**What is being asked:**
The output must consist only of the lines from the one with "NIB NIB NIB" through the end of the listing, restated exactly and free of pictures.

**Information shown:**
>>>>

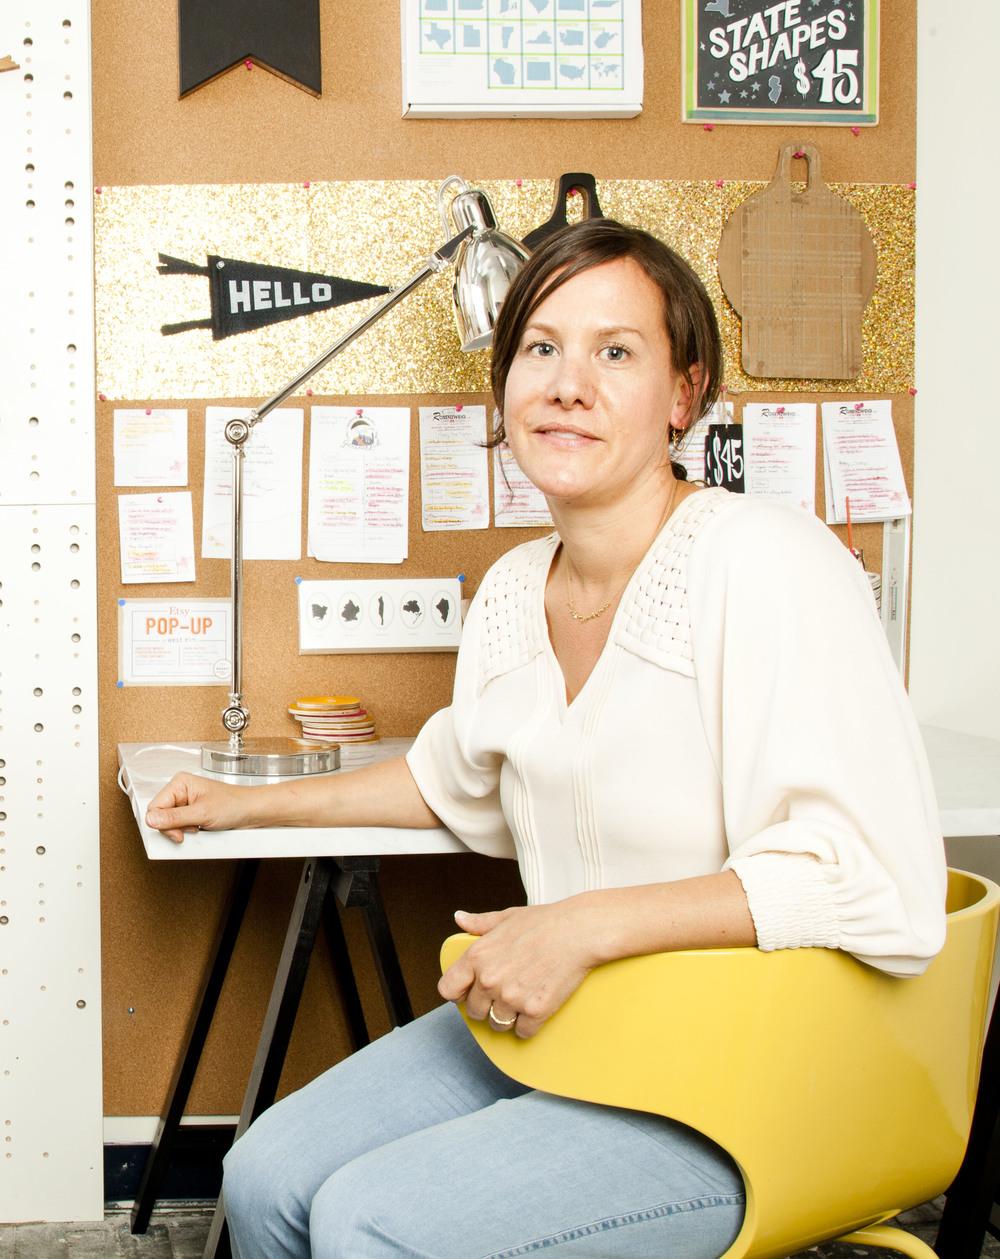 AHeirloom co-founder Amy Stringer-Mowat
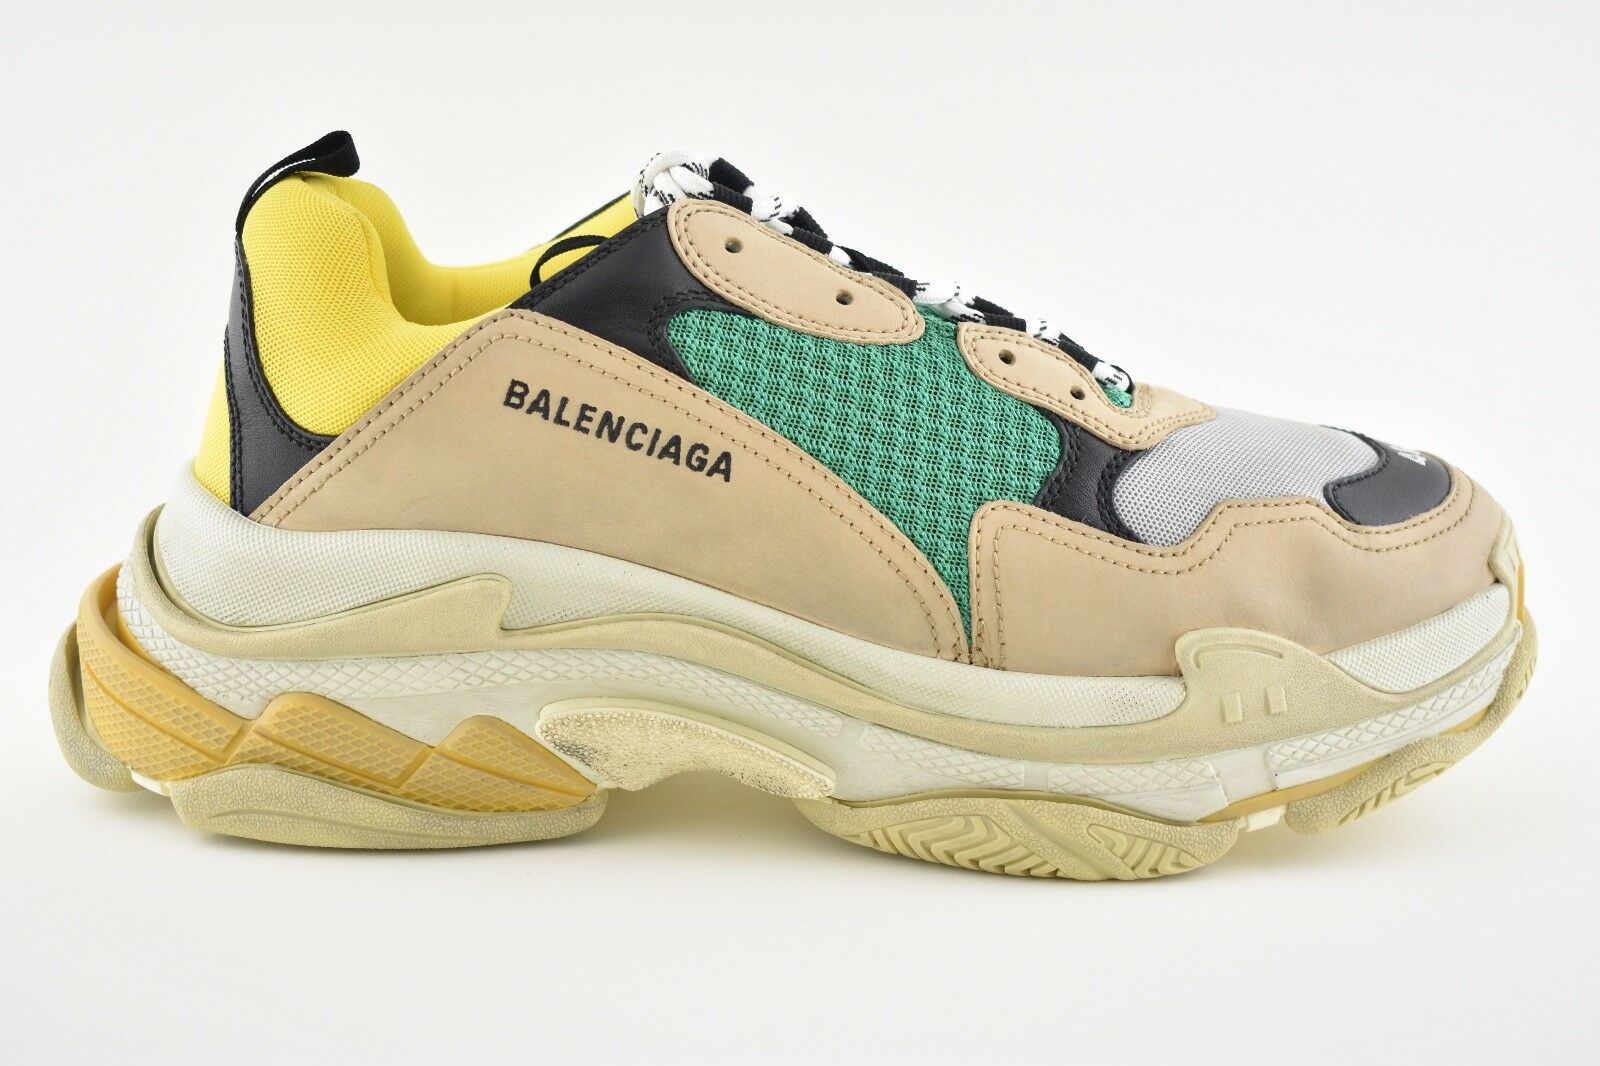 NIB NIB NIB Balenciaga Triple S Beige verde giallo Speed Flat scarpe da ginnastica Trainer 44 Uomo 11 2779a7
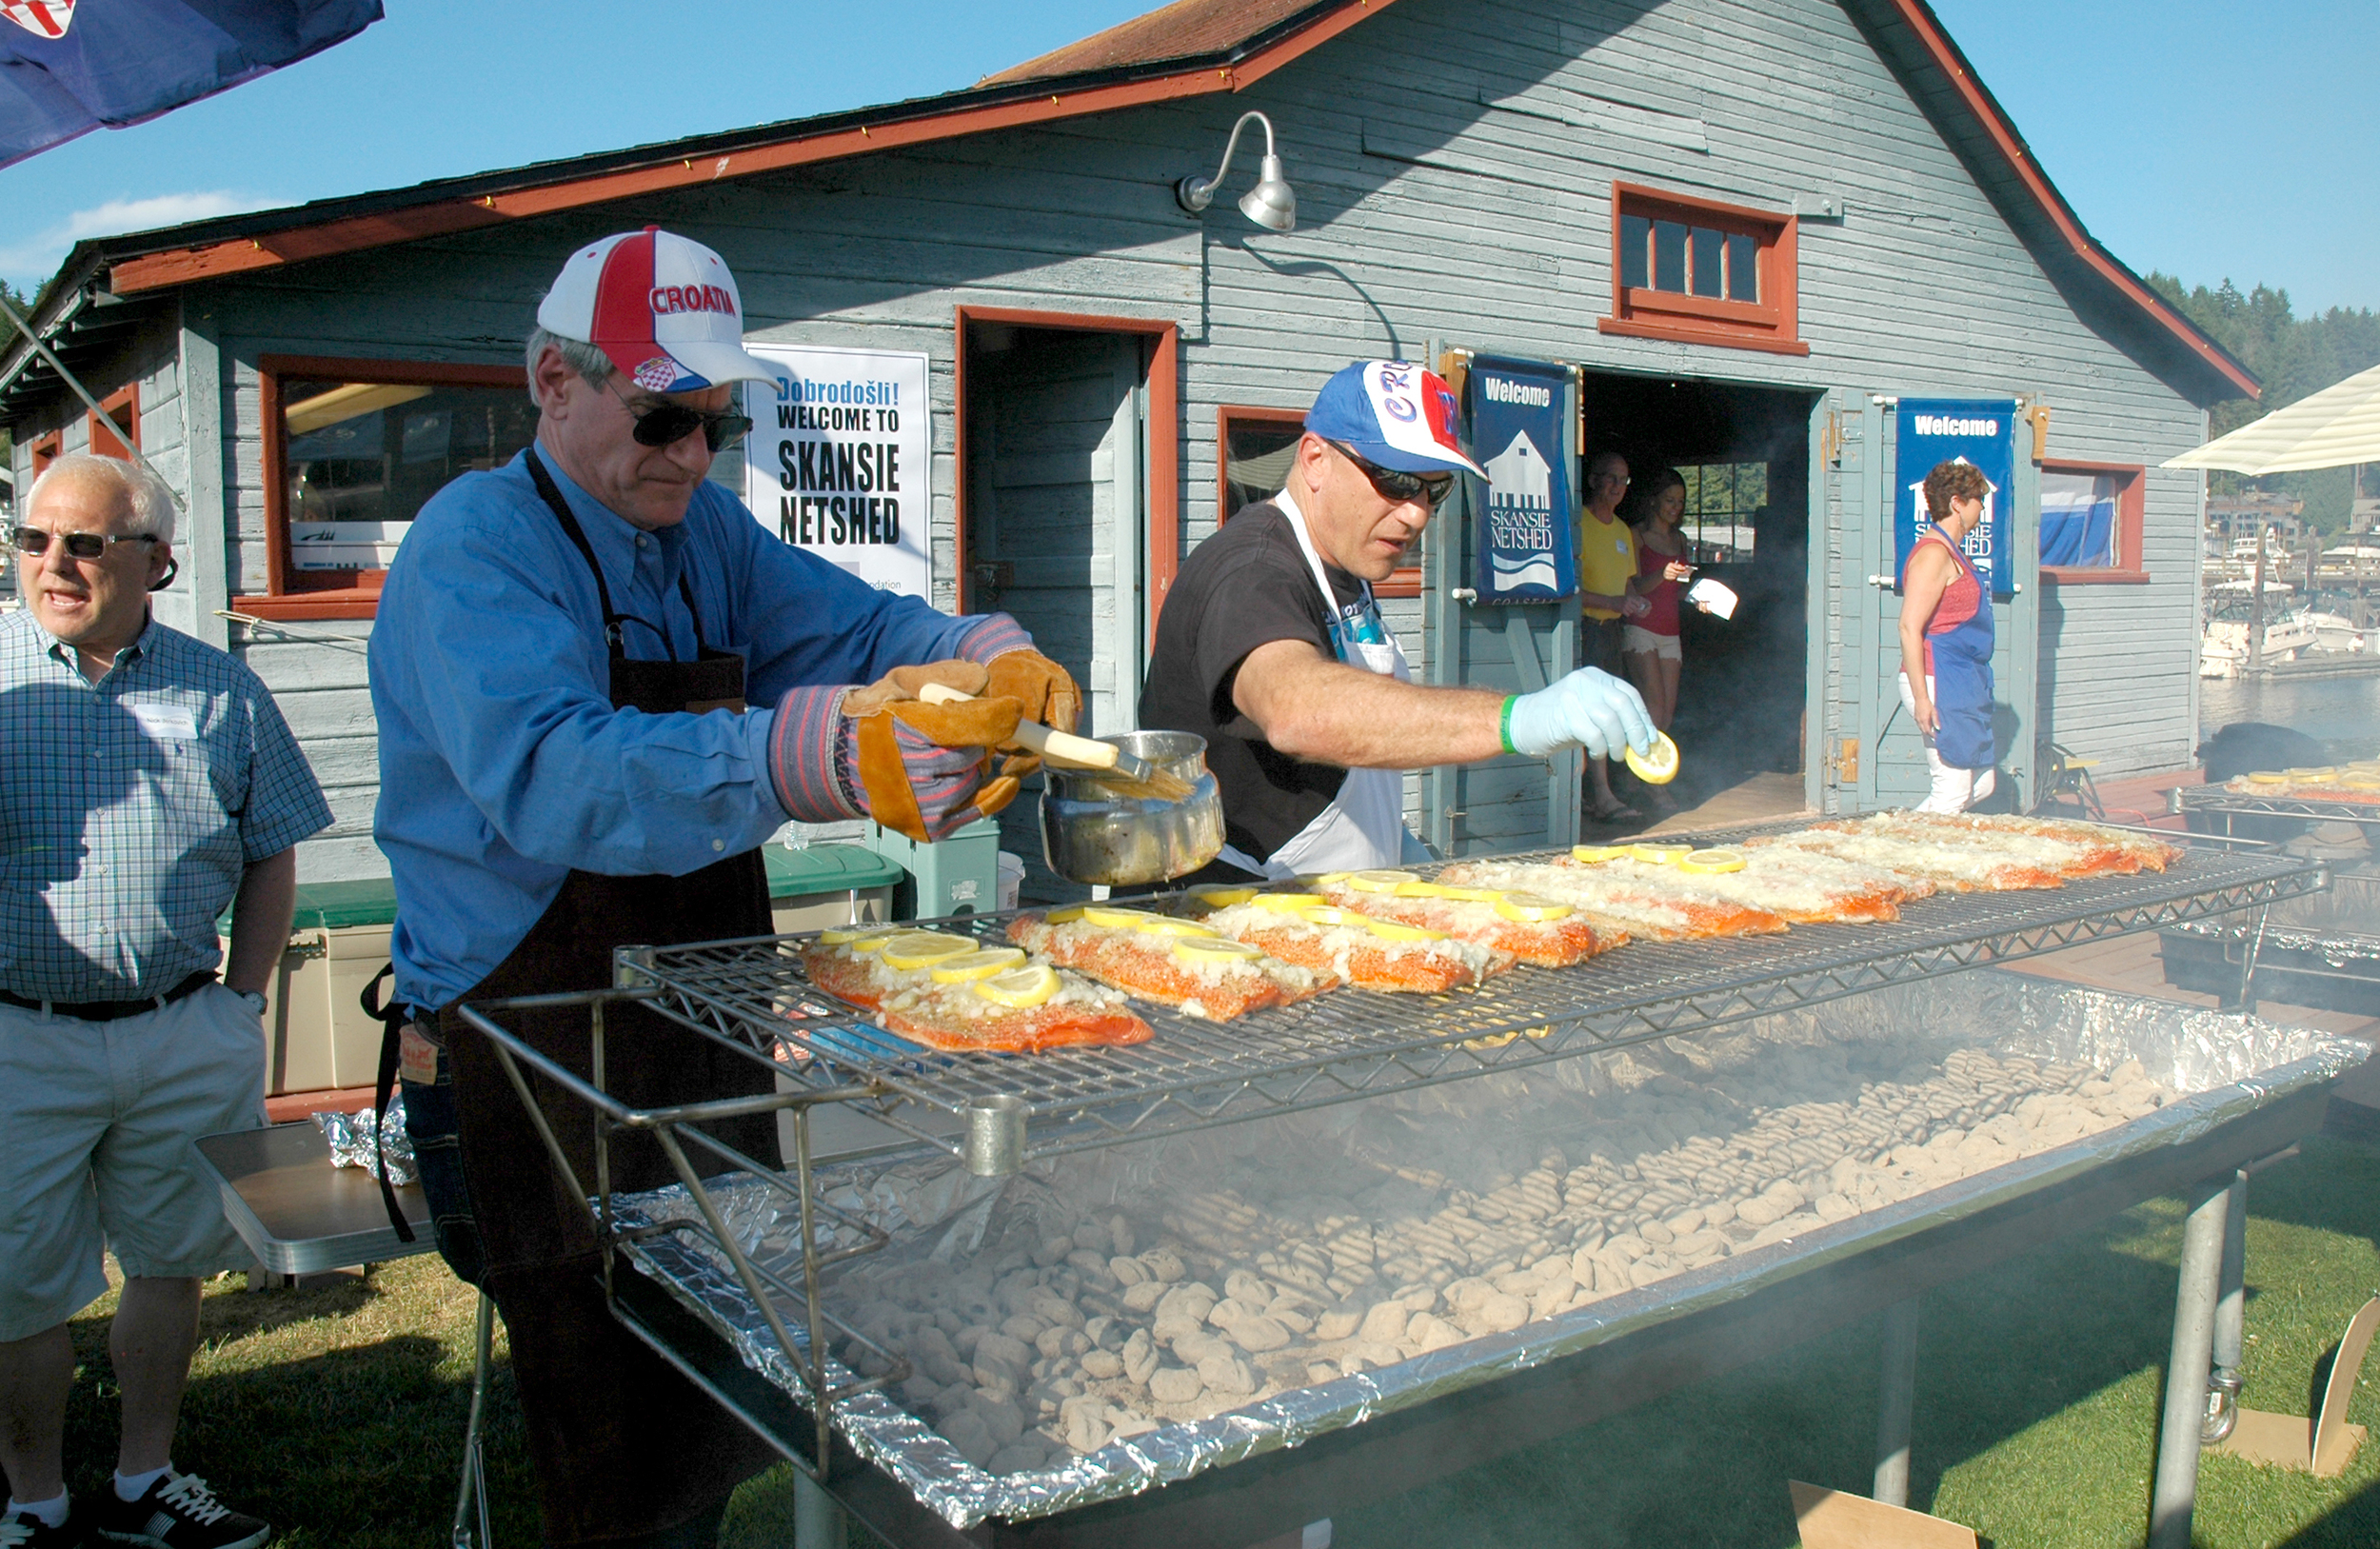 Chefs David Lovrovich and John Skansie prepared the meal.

<<<<

**Response to the task:**
 NIB NIB NIB Balenciaga Triple S Beige verde giallo Speed Flat scarpe da ginnastica Trainer 44 Uomo 11 2779a7
 Chefs David Lovrovich and John Skansie prepared the meal.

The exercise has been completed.